A favorite dinner in a soup! We added a few vegetables as well but the kids will still love this one dish meal.

Mac-and-Cheese Soup
Servings: 6


  • 1 32 ounce package reduced-sodium chicken broth
  • 6 ounces small pasta shells
  • 1 16 ounce bag frozen broccoli, cauliflower, and carrot blend
  • 1 1/2 cups low-fat milk
  • 2 tablespoons all-purpose flour
  • 1 1/2 cups shredded cheddar cheese

Make It

1. In a large saucepan, bring broth to a boil over high heat. Add pasta. Return to a boil. Reduce heat and let simmer, uncovered, for 5 minutes. Add vegetables. Cook until pasta and vegetables are tender, about 5 minutes more.

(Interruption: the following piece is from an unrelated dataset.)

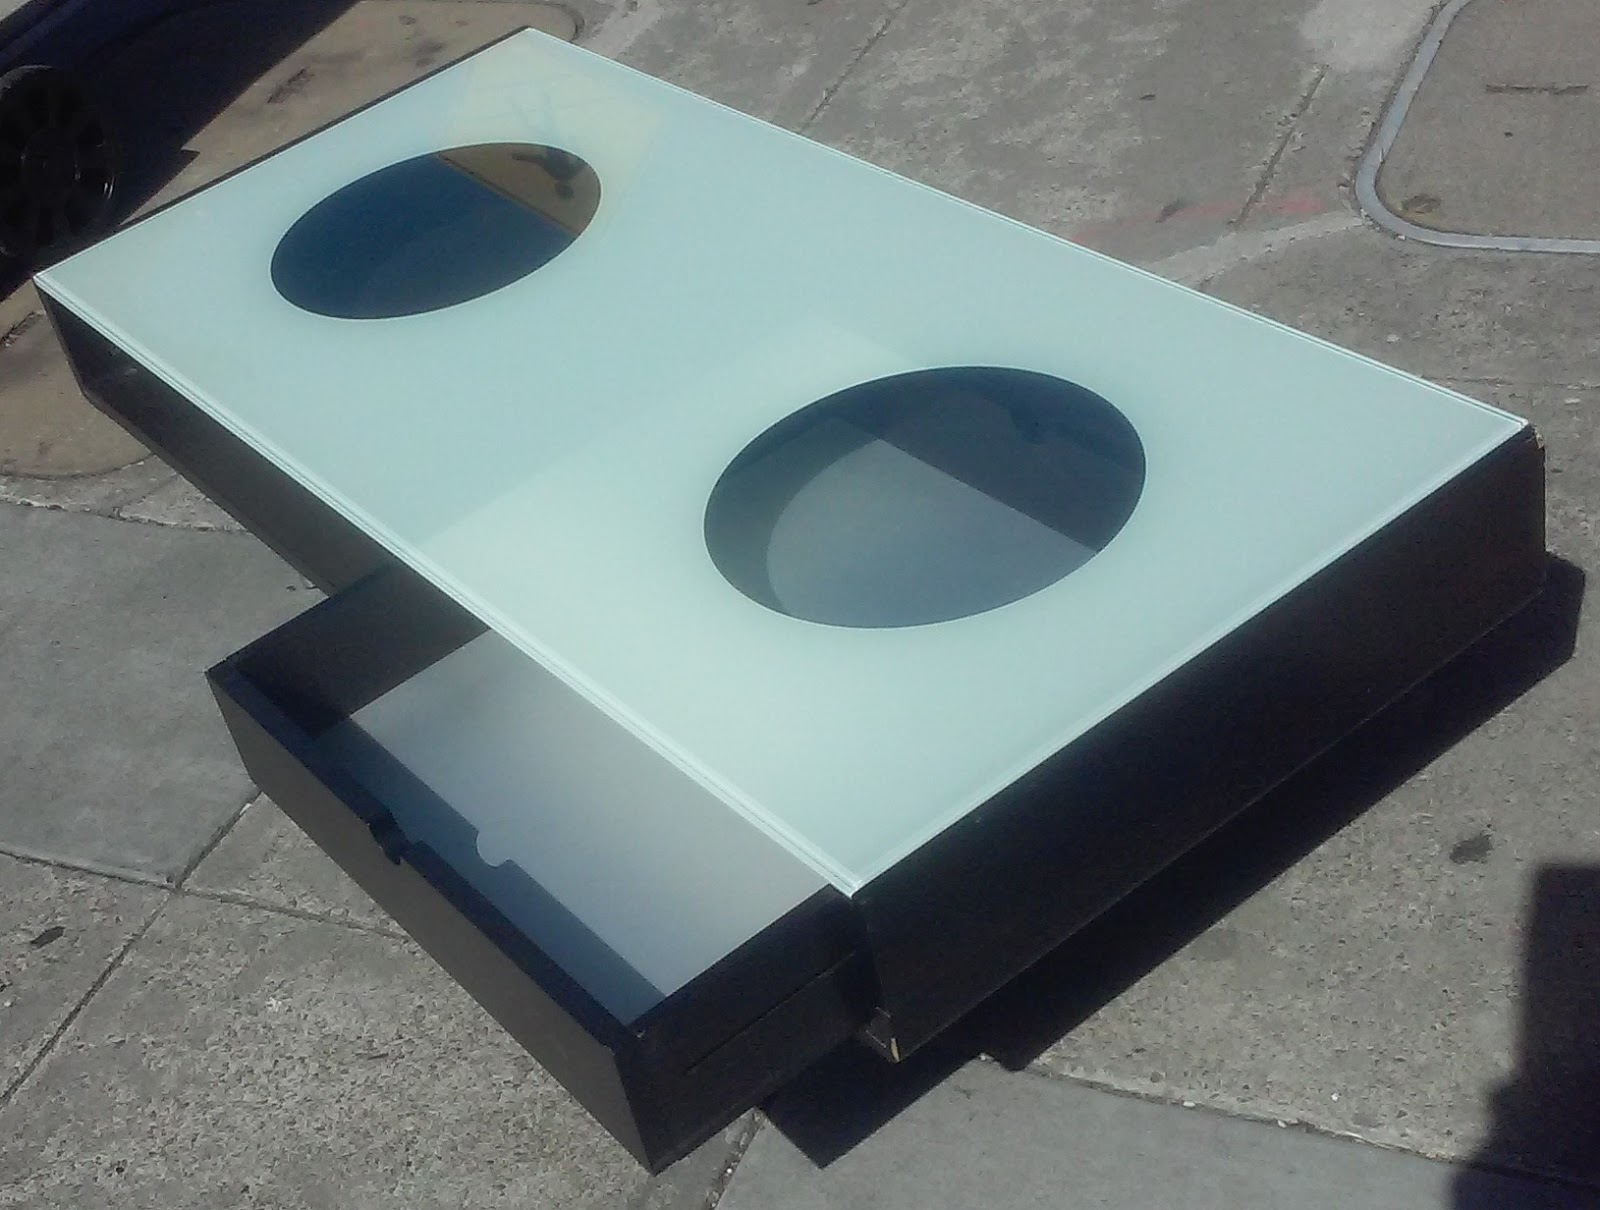 UHURU FURNITURE & COLLECTIBLES 6620 Modern Glass Top 4 Wide

2. Combine milk and flour in a resealable container; shake well to combine. Stir in to pasta mixture. Cook and stir until thickened and bubbly. Gradually add the cheese, stirring until cheese melts.

Nutrition Facts

Servings Per Recipe: 6; Amount Per Serving: cal. (kcal): 292, Fat, total (g): 11, carb. (g): 31, fiber (g): 3, pro. (g): 17, calcium (mg): 303, Percent Daily Values are based on a 2,000 calorie diet.